Surviving through a marriage separation does not happen overnight. After separation, you might consider reuniting with your spouse after carrying out a personal analysis of why you would want your ex-husband or ex-wife back. If spouses cannot become honest and open about important issues in the relationship, it will cause long term effects. It is advisable to use a marriage counselor to help you with the reuniting process. Seek wisdom and counsel from couples who have been through the same situation and overcame the hardship. Always remember honesty is the main virtue of applying when reconciling. Be an open book, and you will get positive results.
Steps of reuniting after separation
Take time and think about your Relationship
Did you have an open conversation to talk about the reason for separation?

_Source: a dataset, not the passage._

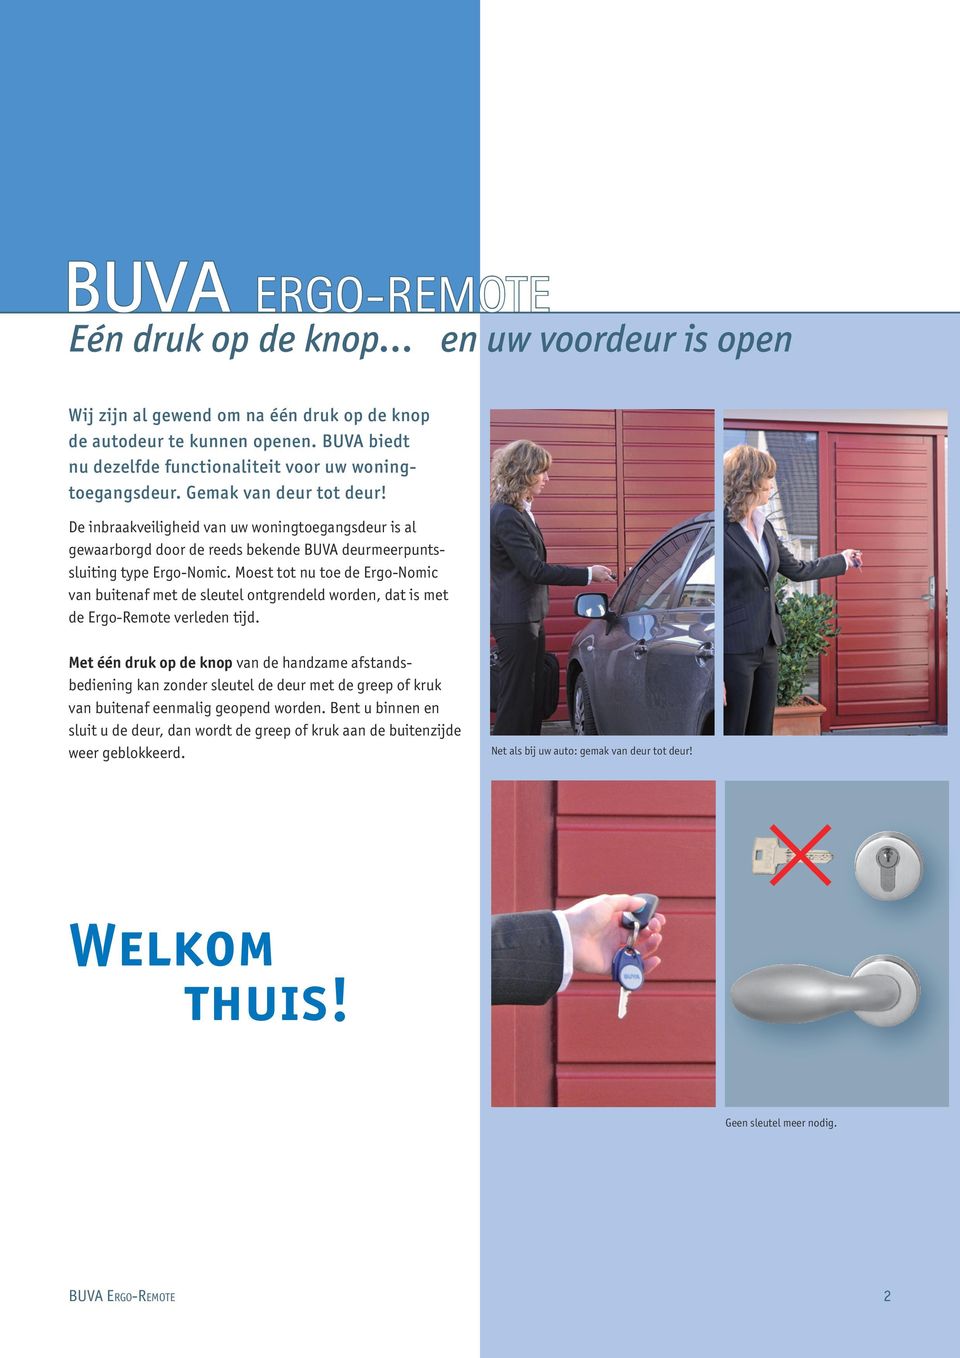 De inbraakveiligheid van uw woningtoegangsdeur is al gewaarborgd door de reeds bekende BUVA deurmeerpuntssluiting type Ergo-Nomic.

Did your spouse get to know why the relationship did not work? If no, create time and the environment that you can both discuss and have an honest conversation. If you are the cheating spouse, be willing to answer any question asked. For the spouse who was cheated, be open about your feelings.

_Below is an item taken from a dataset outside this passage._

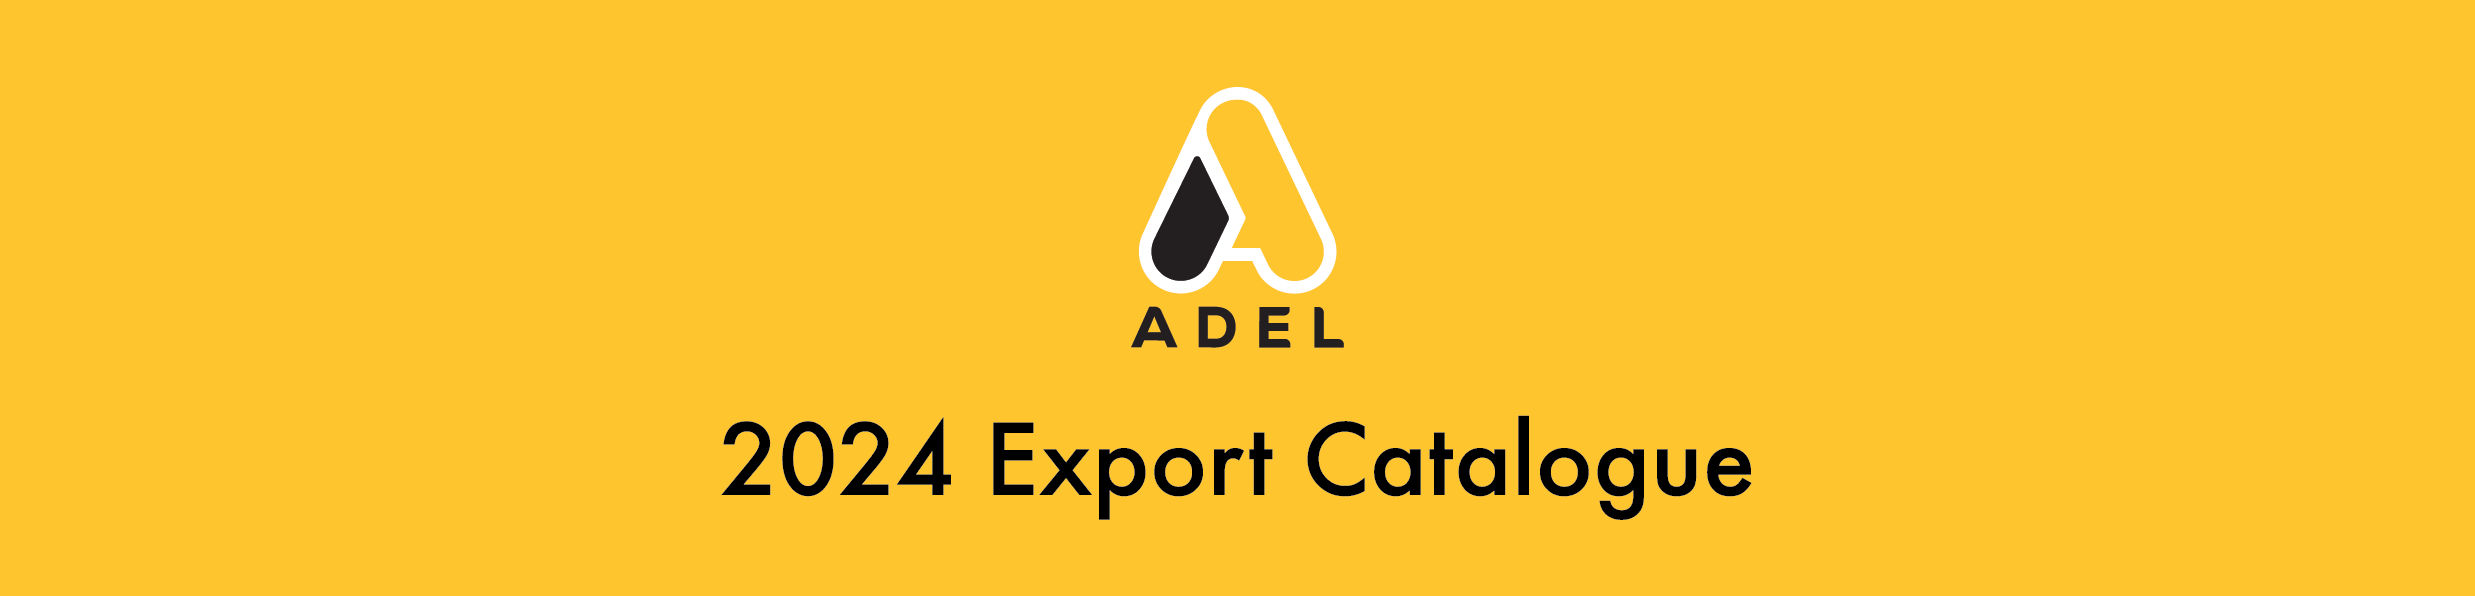 Adel 2024 Export Catalogue

Find out if there are any changes that took place after you separated. If there are any changes, share them and know how they can help you get back together or will they make you separate more. After separation, couples might decide to start seeing other people and start new relationships. If there is any relationship going on, make sure to tell your partner at the early stages of reconciliation. Upon agreement, you can both chose to end the other relationships and focus on rebuilding your marriage.
Are there any possible decisions that can affect your marriage in the future after reuniting? If you separated for long, does your spouse get children with another partner? How will you plan about the parenting to make sure that it does not harm your marriage? These questions will help you analyze the situation and know what you want from the marriage. If you feel that your expectations will not be met, it is good not to reunite.
Accept your Mistakes
Both of you have you to accept that you made mistakes that contributed to the separation. Be willing to say sorry and to ask forgiveness from each other. Trust, forgiveness, and openness are core ingredients in making reconciliation process effective. Your marriage can be saved from the infidelity of both partners are willing to work together.
Accept new Changes
You should know that the relationship cannot go back to where it was. There have to be simple changes that both need to adjust. If the marriage goes back to where it was, it may lead to the same problems. Desired changes could be an exchange of passwords, updating each other on daily progress, and having a date night where you will talk about life plans and have fun together. You could even subscribe to new interests like couple dancing or gym membership. Changes are inevitable and will help your marriage survive the hard rock.
Appreciate your Spouse
Any effort you notice from your spouse you should appreciate them. You should also make an effort in making the relationship better. Be willing to share what you feel about your partner and be open. If you have the desire to make the relationship work, it will work. The success of the relationship is determined by the mutual effort.
Take Time
It is not automatic that the relationship will automatically meet your demands. Give each other space and time to think about reconciliation. Every partner needs to know why they need to give the marriage a second chance. Recognize your fault and work on improving them. Give your all in the relationship. Do not force your partner to reunite with you if they do not want. It is not automatic that your spouse will want to give a second chance.
Do not involve your Children until you are sure about the Reconciliation
Do not give your children hope about reuniting with the other parent. Keep them out of the loop until you are sure about your decision. Making children happy only to end up not reuniting will hurt them. If you had taken the court custody, consider lifting it up so that your spouse can freely interact with the parents. A happy reunion will involve both parties and children.
Giving all to reuniting after separation may not work as you wished for. Be ready to head into a different direction if it does not work out. Life does not end at separation and divorce; there is more for you to enjoy.